Bulgarian writer and art critic (1930 – 2010)

Atanas Vasilev Slavov (Bulgarian: Атанас Василев Славов, July 25, 1930 – December 2, 2010) was a Bulgarian writer, art critic, semiotician, poet, and screenwriter. He was a well-known public intellectual in Bulgaria and one of the prominent Bulgarian anti-communist dissidents of the 20th century, along with Georgi Markov.

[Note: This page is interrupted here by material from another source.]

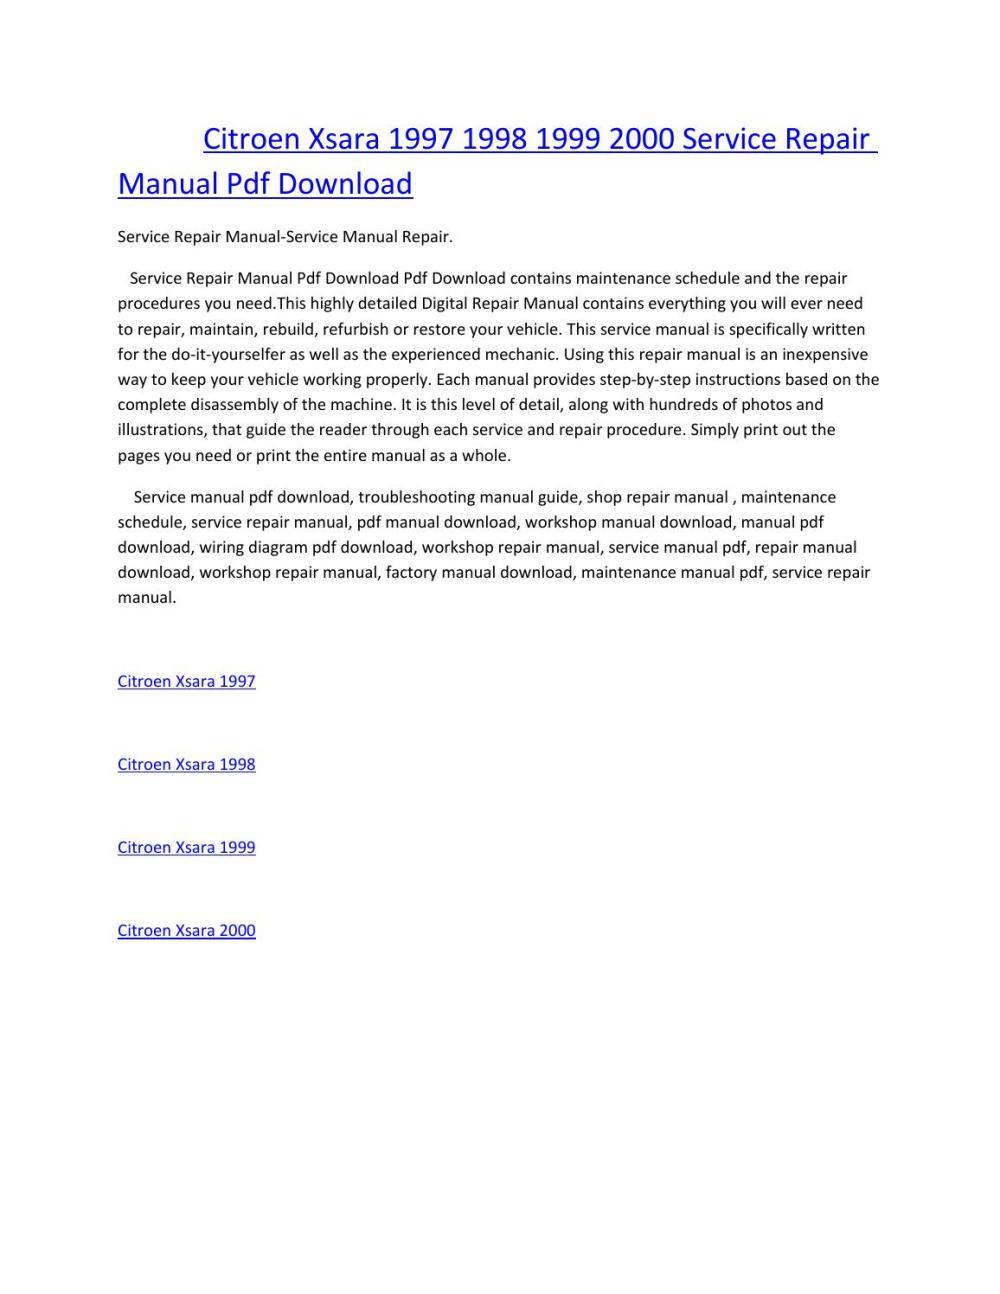 medium resolution of citroen xsara 1997 1998 1999 2000 service manual repair pdf download by amurgului issuu

An author of poetry, fiction, art history studies and much more, Slavov has received praise from Kurt Vonnegut and Graham Greene. At the beginning of 2016, Bulgarian National Television presented a film on the life and works of Slavov, coinciding with his 85th birthday, titled Atanas Slavov: The Man Who Put Bulgaria on the World Map. For his contribution to Bulgarian culture, Slavov was awarded the highest honor for a Bulgarian citizen: Stara Planina Order I in 2001.

== Biography ==

=== Early years and family ===
Slavov was born in Sliven on July 25, 1930, to Vasil Atanasov Slavov (1889–1980) and Penka Ruseva Slavova. Slavov was the youngest of three children, growing up alongside his older sisters Maria and Lilliana. Slavov was named after his paternal grandfather, Atanas Slavov (1860–1932), who was a lawyer and mayor of Sliven, as well as head of the Bulgarian Winemakers Association; his house in Sliven, built in 1930, is currently a landmarked building.

Slavov's father, Vasil, studied law in Belgrade and practiced in Sliven, before dedicating his time to co-found a Masonic lodge in the city; his interests spanned from Theosophy to Transcendentalism. In 1938, Vasil moved to Sofia and built his house in the Izgrev, Sofia district, popular with followers of the esoteric spiritualist Peter Deunov. The Slavov family were close to the spiritual leader Deunov and he often visited their home in the Izgrev district.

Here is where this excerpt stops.